* _Raw data_
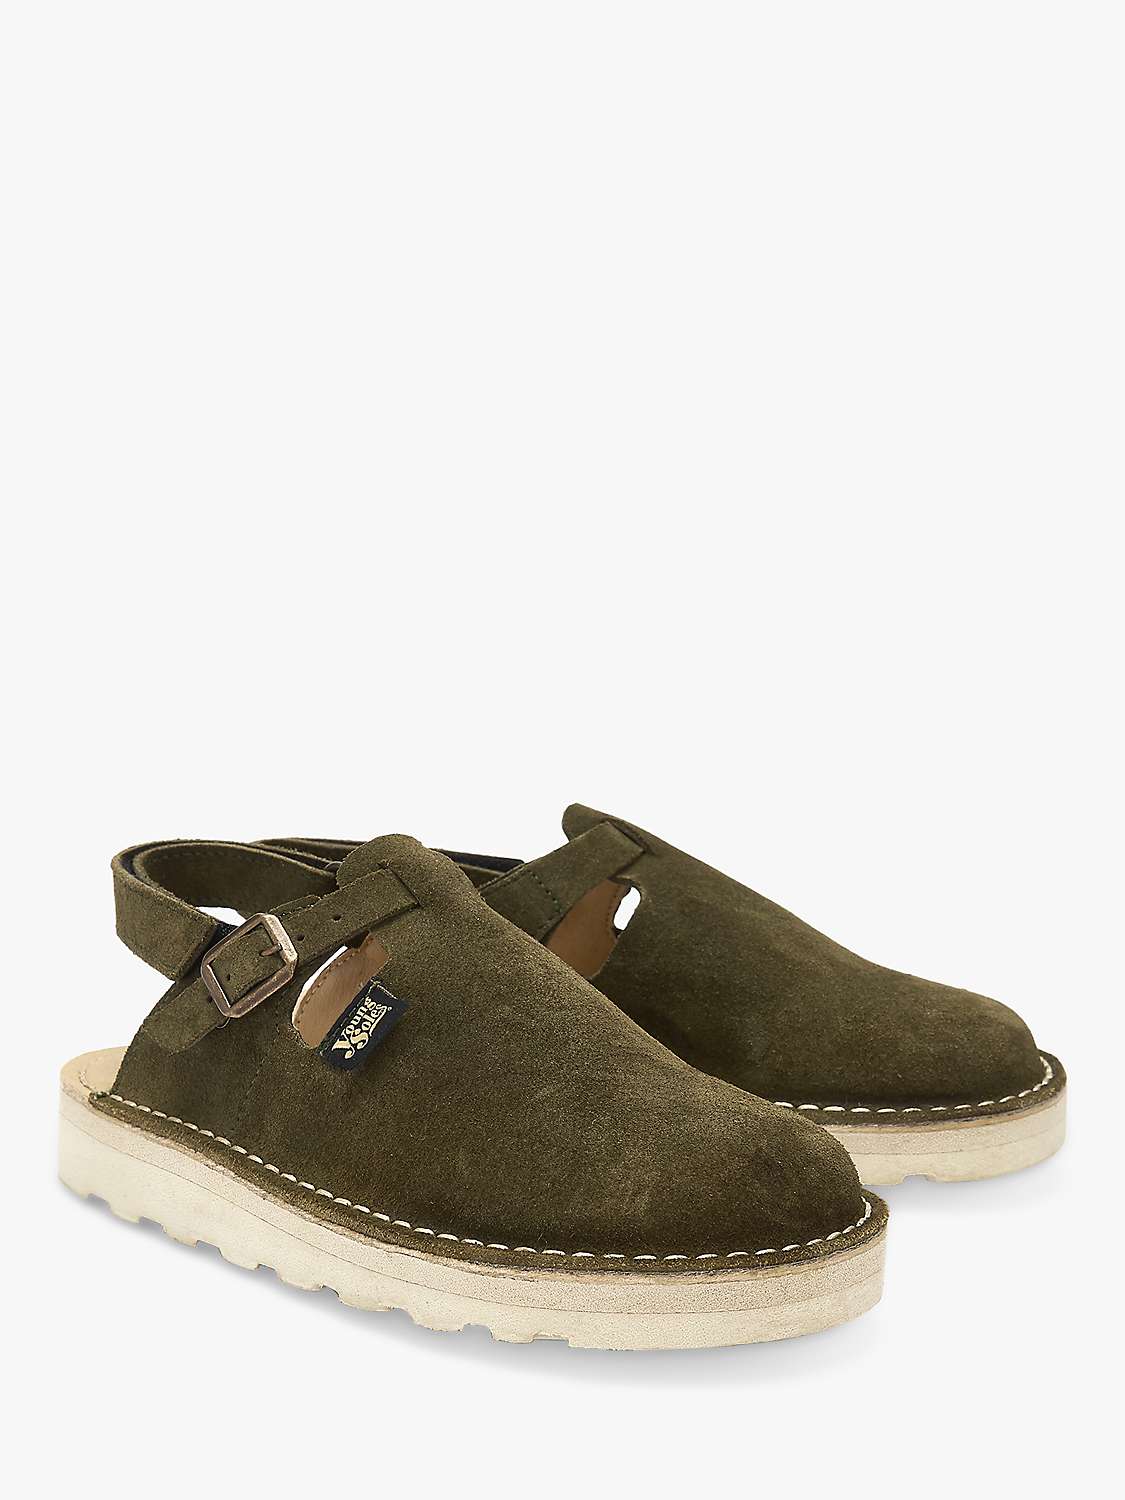 Buy Young Soles Kids' Heidi Suede Clogs Online at johnlewis.com
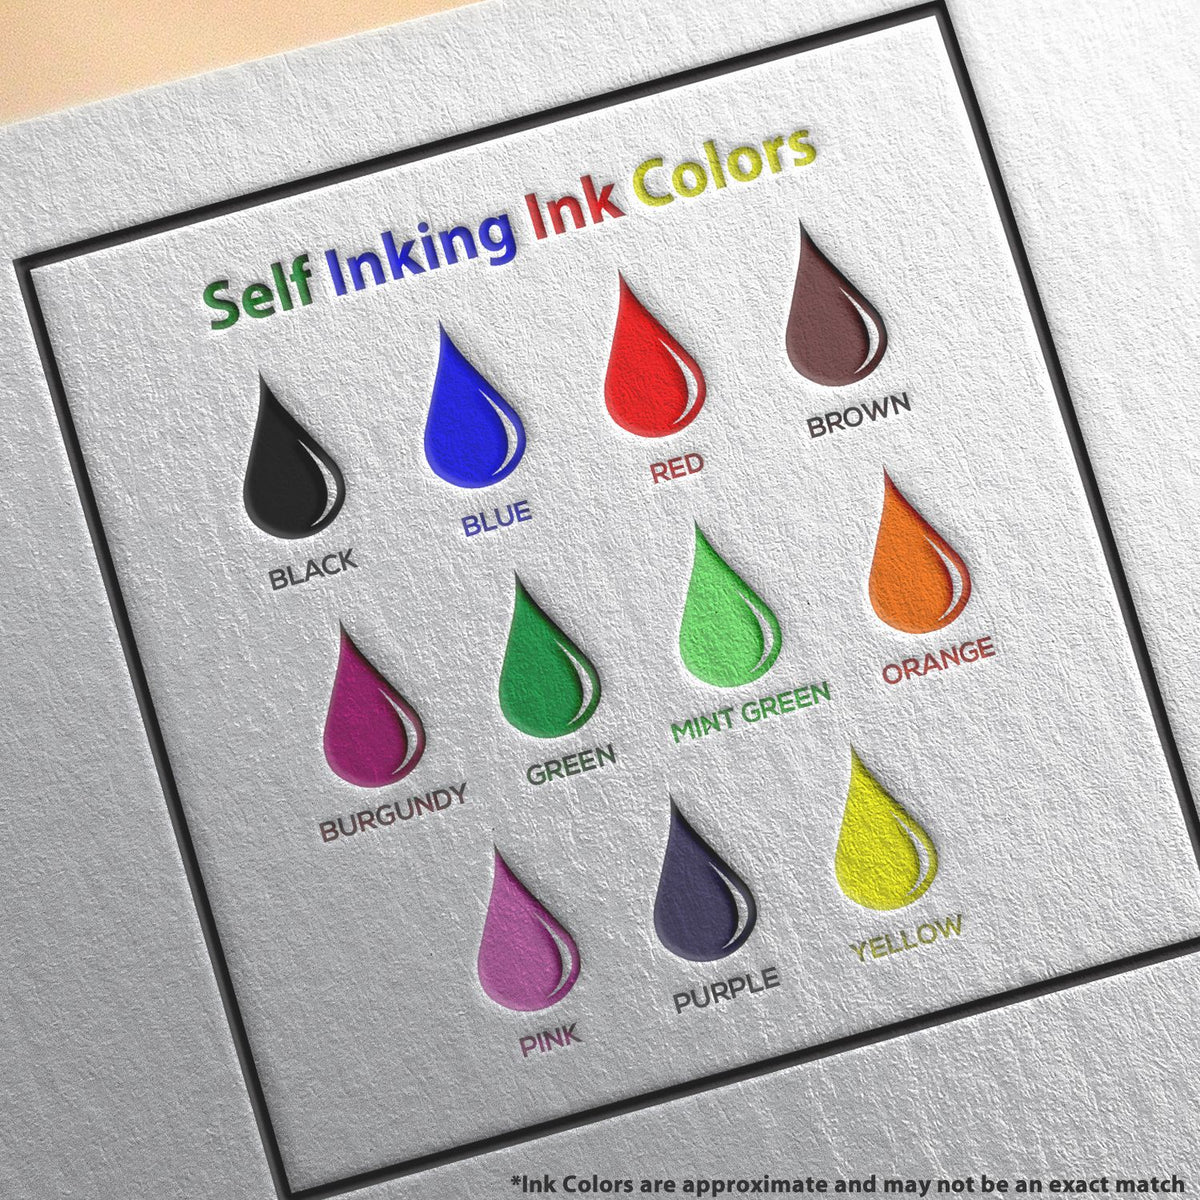 A picture showing the different ink colors or hues available for the Self-Inking Virginia PE Stamp product.
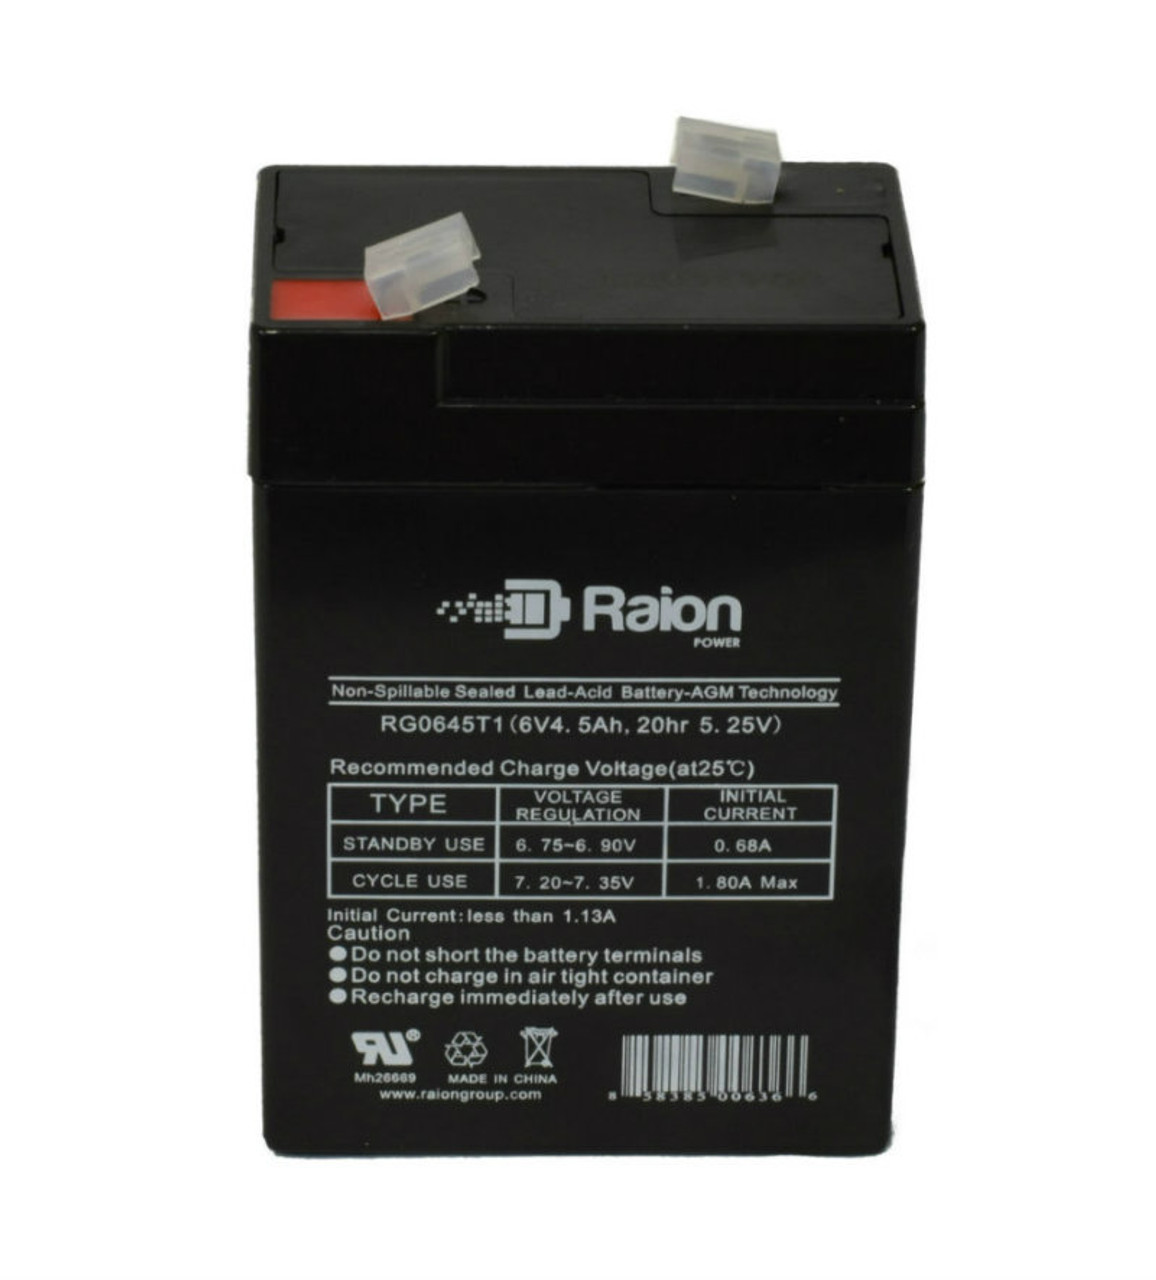 Raion Power RG0645T1 Replacement Battery Cartridge for Edwards 1601
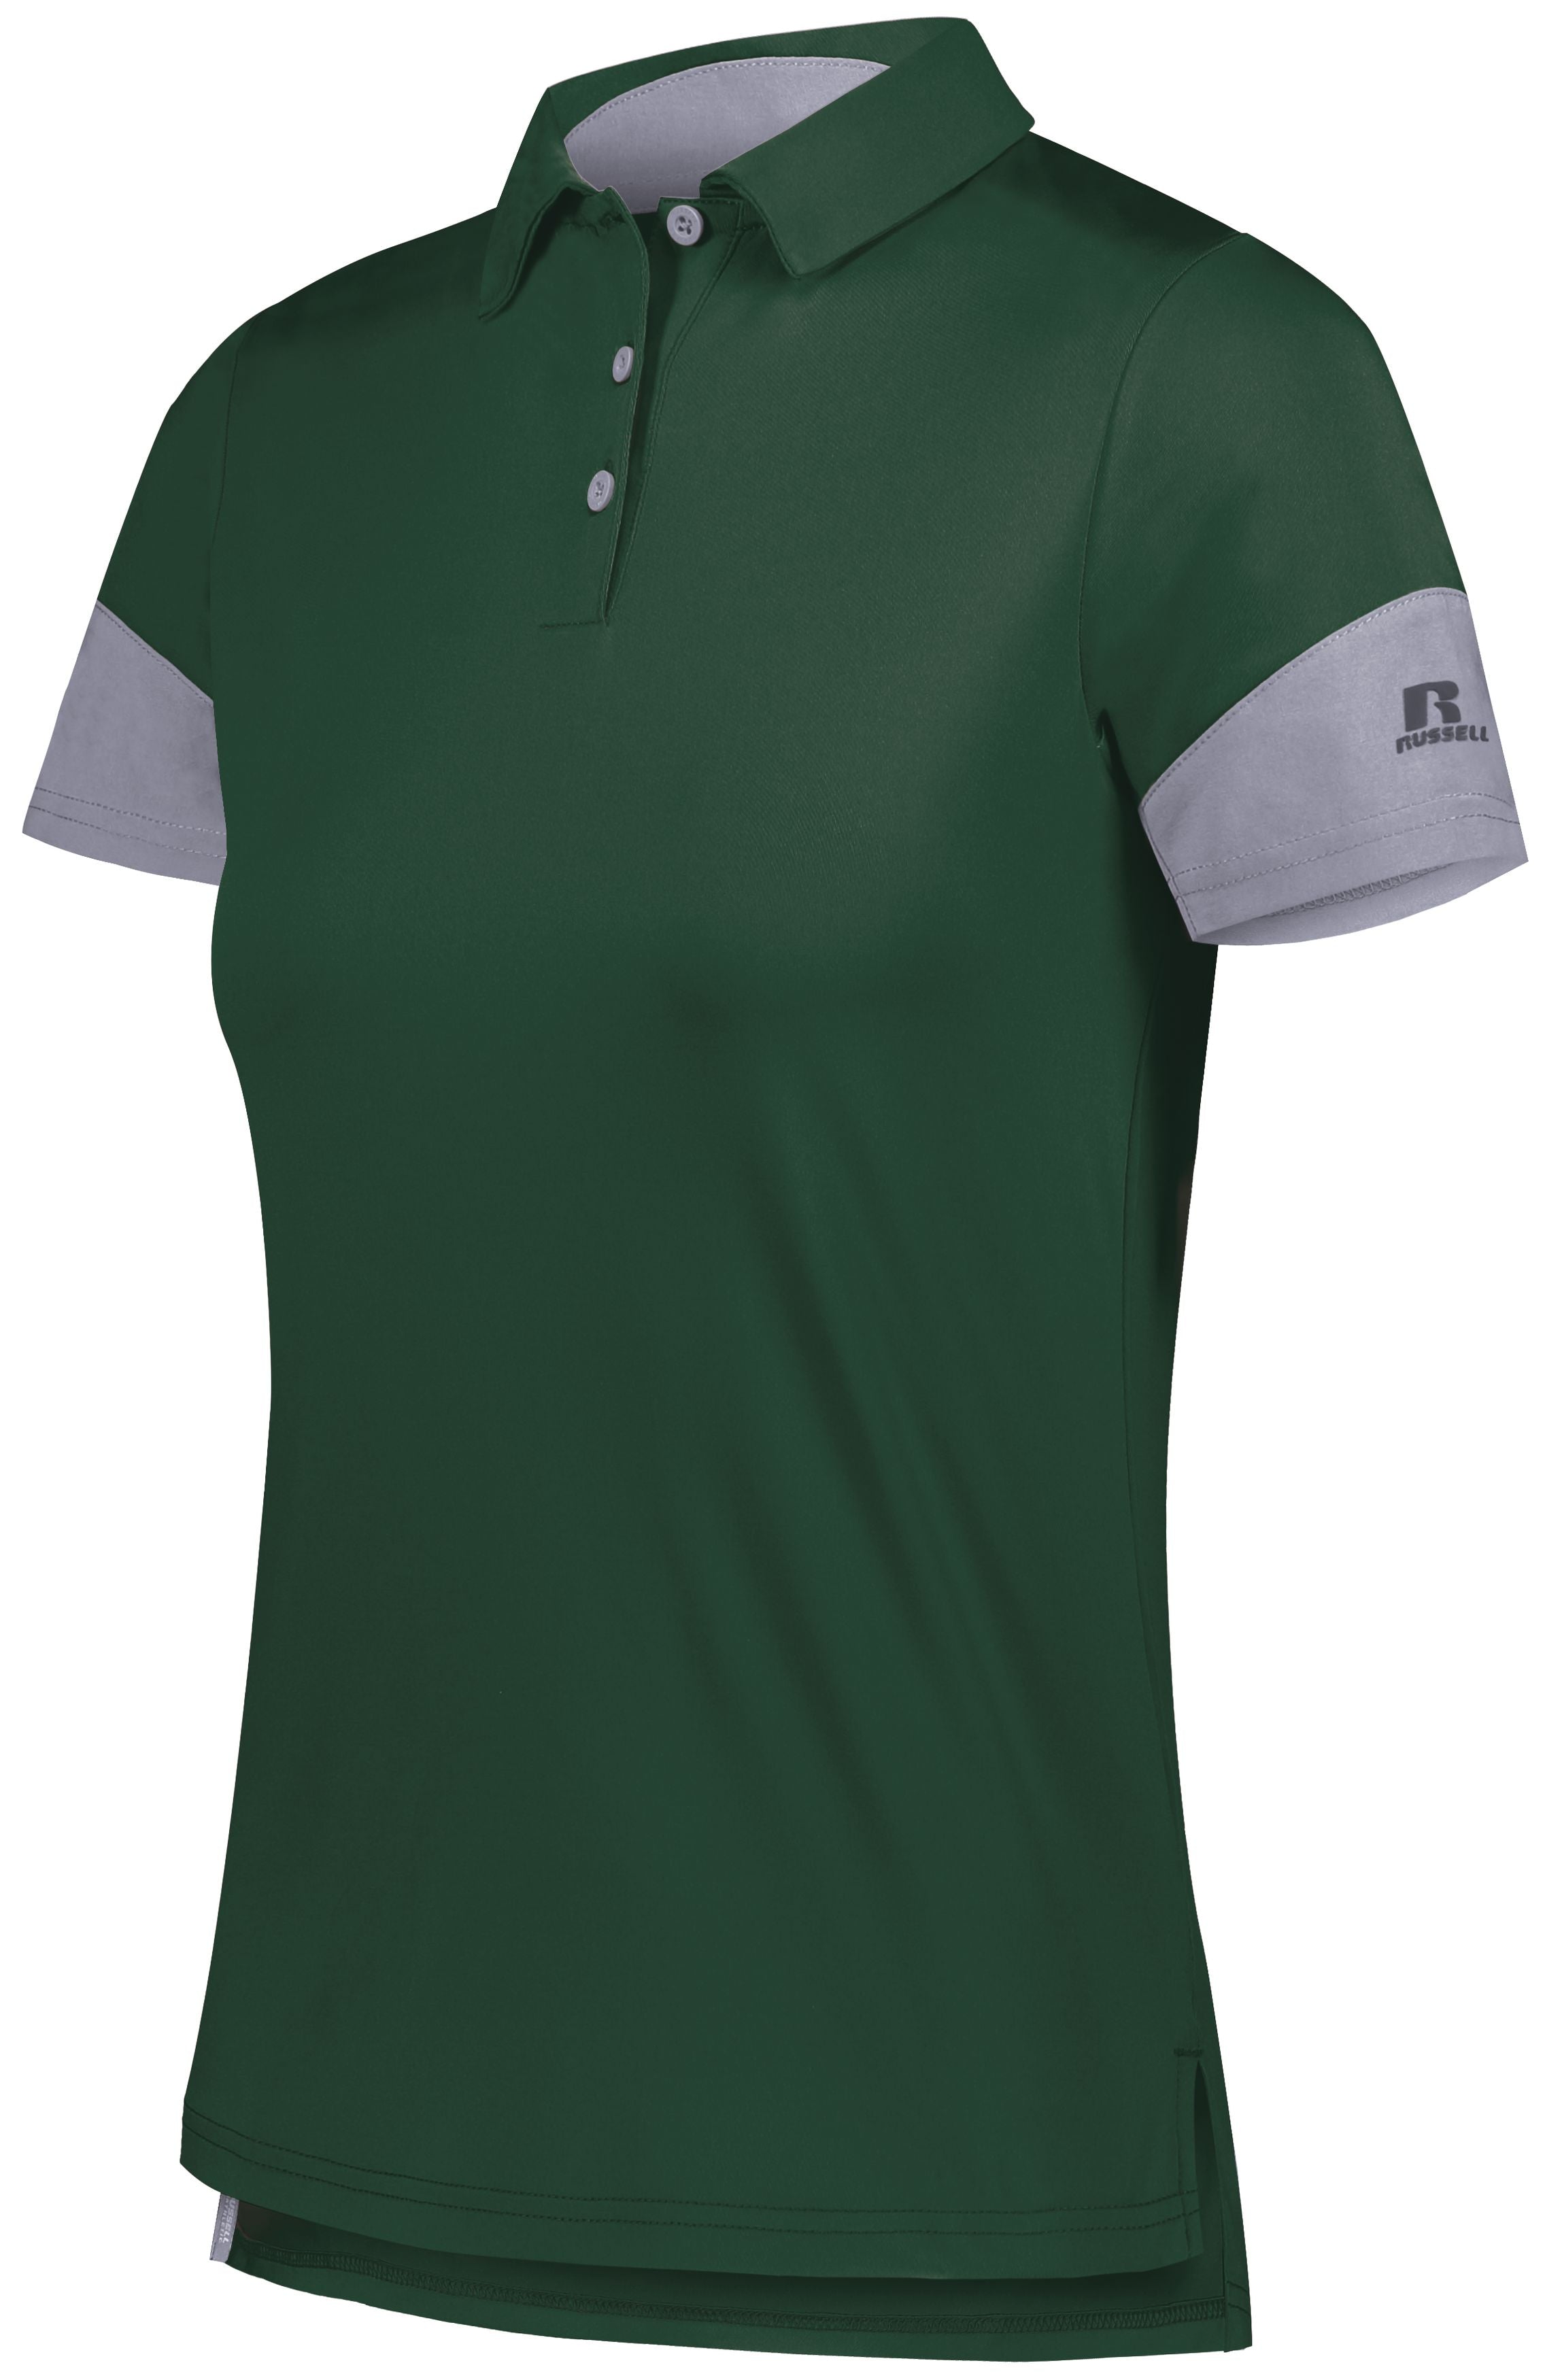 Russell Athletic Ladies Hybrid Polo in Dark Green/Steel  -Part of the Ladies, Ladies-Polo, Polos, Russell-Athletic-Products, Shirts product lines at KanaleyCreations.com

* _Exercise description_
Repeat the listing word for word. Leave images out.

* _Task output_
 Buy Young Soles Kids' Heidi Suede Clogs Online at johnlewis.com
 A picture showing the different ink colors or hues available for the Self-Inking Virginia PE Stamp product.
 Raion Power RG0645T1 Replacement Battery Cartridge for Edwards 1601
 Russell Athletic Ladies Hybrid Polo in Dark Green/Steel  -Part of the Ladies, Ladies-Polo, Polos, Russell-Athletic-Products, Shirts product lines at KanaleyCreations.com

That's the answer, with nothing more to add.